E Equals MC Scared
By Donaya Haymond
The multiverse theory in physics states that there are an infinite number of universes, each one slightly different from the others, so that every possibility, every action and reaction, is explored somewhere, somehow.
In many universes, including our own, Albert Einstein is the greatest physicist of the 20th century. He is acknowledged as one of the most intelligent men ever lived, and, even with his flawed personal life that included multiple infidelities, a kind and basically good man.
According to the multiverse theory – one of the theories that came after him, and would have troubled the same man that claimed “God does not play dice with the Universe,” – there is at least one plane of existence where he heard the news of the atomic bombings of Hiroshima and Nagasaki in the newspaper. Perhaps in this same reality he had a slow sinking feeling when he realized it was his work, his breakthroughs in science that allowed this swift cut of the Gordian’s Knot this war had become.
There is at least one universe where he quietly whispered, “Oy vey,” and needed to go for a walk to clear his head. There is at least one where he did not manage to eat anything for the rest of the day. There may be ones he looked at the trees, the grass, nature outside, and wondered if one day all would be blighted by fallout.
It is possible he managed to calm his feelings of guilt and sorrow, knowing that this bold stroke probably saved the world from years of further war, this horrendous war that had claimed so much he loved. Or, in the chill of his grief and feelings of responsibility, he could have simply mourned. He could have mourned for the innocents of Japan who had not decided to fight this fight, who were merely born in the wrong place at the wrong time. He could have mourned for the children as yet unborn, whose genetic code would be warped by radiation, and who would have parents with all kinds of cancers and traumas, a great scar in their history.

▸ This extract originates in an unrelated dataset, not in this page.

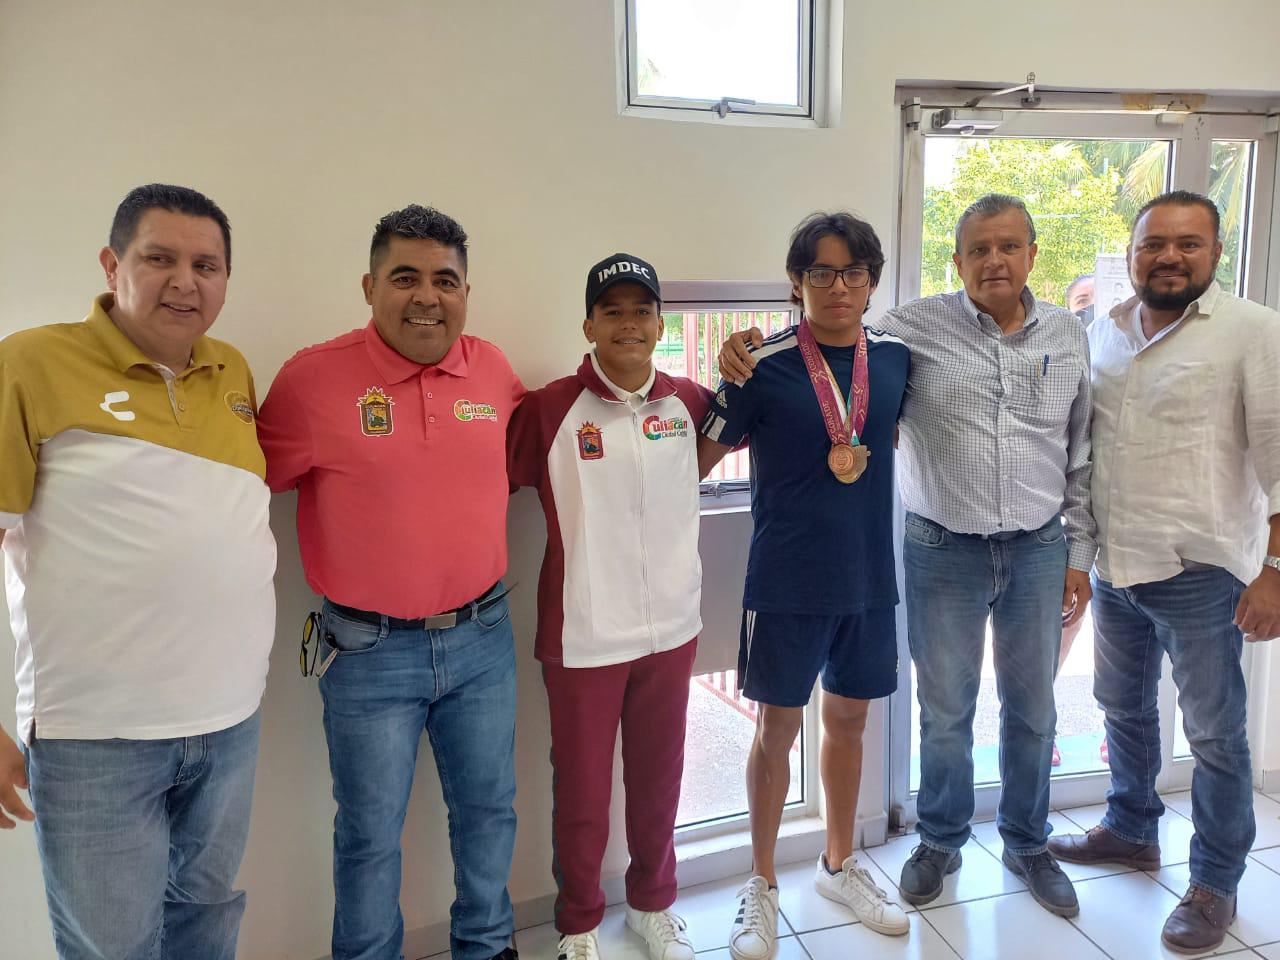 $!Aarón Ibarra y Luis Urías, medallistas culiacanenses en Nacionales Conade, visitan el Imdec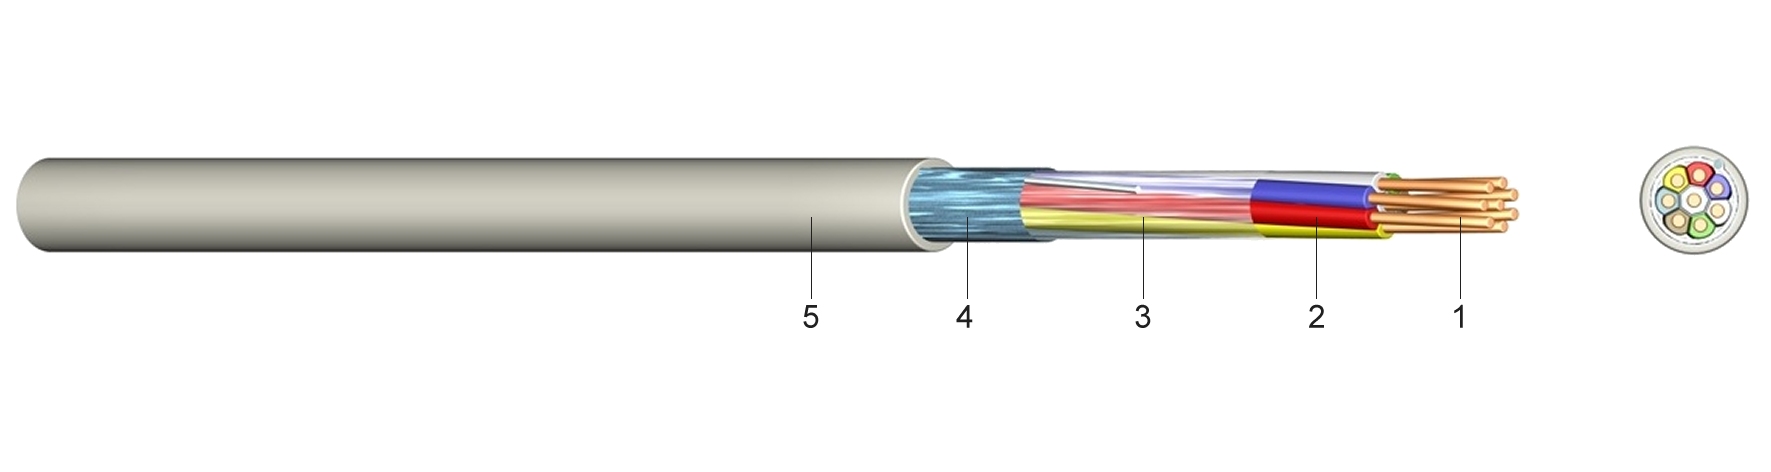 Strom-Kabel 2,5/10 qmm - Jehnert Sound Design Automotive

He would have feared for what this meant for the future, a harbinger of another world war fought with nuclear weapons, which he predicted would lead to wars afterwards being fought with rocks. He might have had an inkling of the frightened decades to follow, hovering over buttons and having nightmares of a thousand, thousand mushroom clouds born of the two original parents.
He could not have known, unless some divine revelation showed him; that the Cold War never would ignite; that at least once freedom and democracy would peacefully erode at the harsh walls restricting whoever it could. Maybe the cosmos will never be kind enough for such visions to ever take place.
Did he embrace a friend or family member silently? Did he sleep at all that night? Did he stalk empty rooms, wondering if he did the right thing, if they did the right thing, if there could have been some other way, if knowledge is worth it for its own sake, if tools should be built when one cannot foresee all their uses?
The price of fame, as history has shown, is the public illumination of what the famous would rather have remain private woes. The price of wealth is constant demand upon it by those who wish to benefit from the wealthy. The price of beauty is a steady numbing to praise, a devaluation of all other of the beautiful person’s virtues. The price of knowledge, of adding to humanity’s store, is having on your shoulders everything that results from that knowledge, good or bad.
Some universes he regretted this more than he was able to resign himself to the bleak reality. In other universes, it was the other way around; he allowed himself to be consoled with thoughts of hands needing to get dirty, certain things that had to be done for the sake of a greater mercy.
Universes being infinite, there must be at least one where no bombs were dropped in the first place. There must be at least one that diverges even further, with no Albert Einstein born, no World War II, some other cities targeted, no cities targeted, more cities targeted…Again, though, the cosmos is probably not kind enough to ever let anyone see these differences and results, let us pick and choose which one we want to live in. Or with.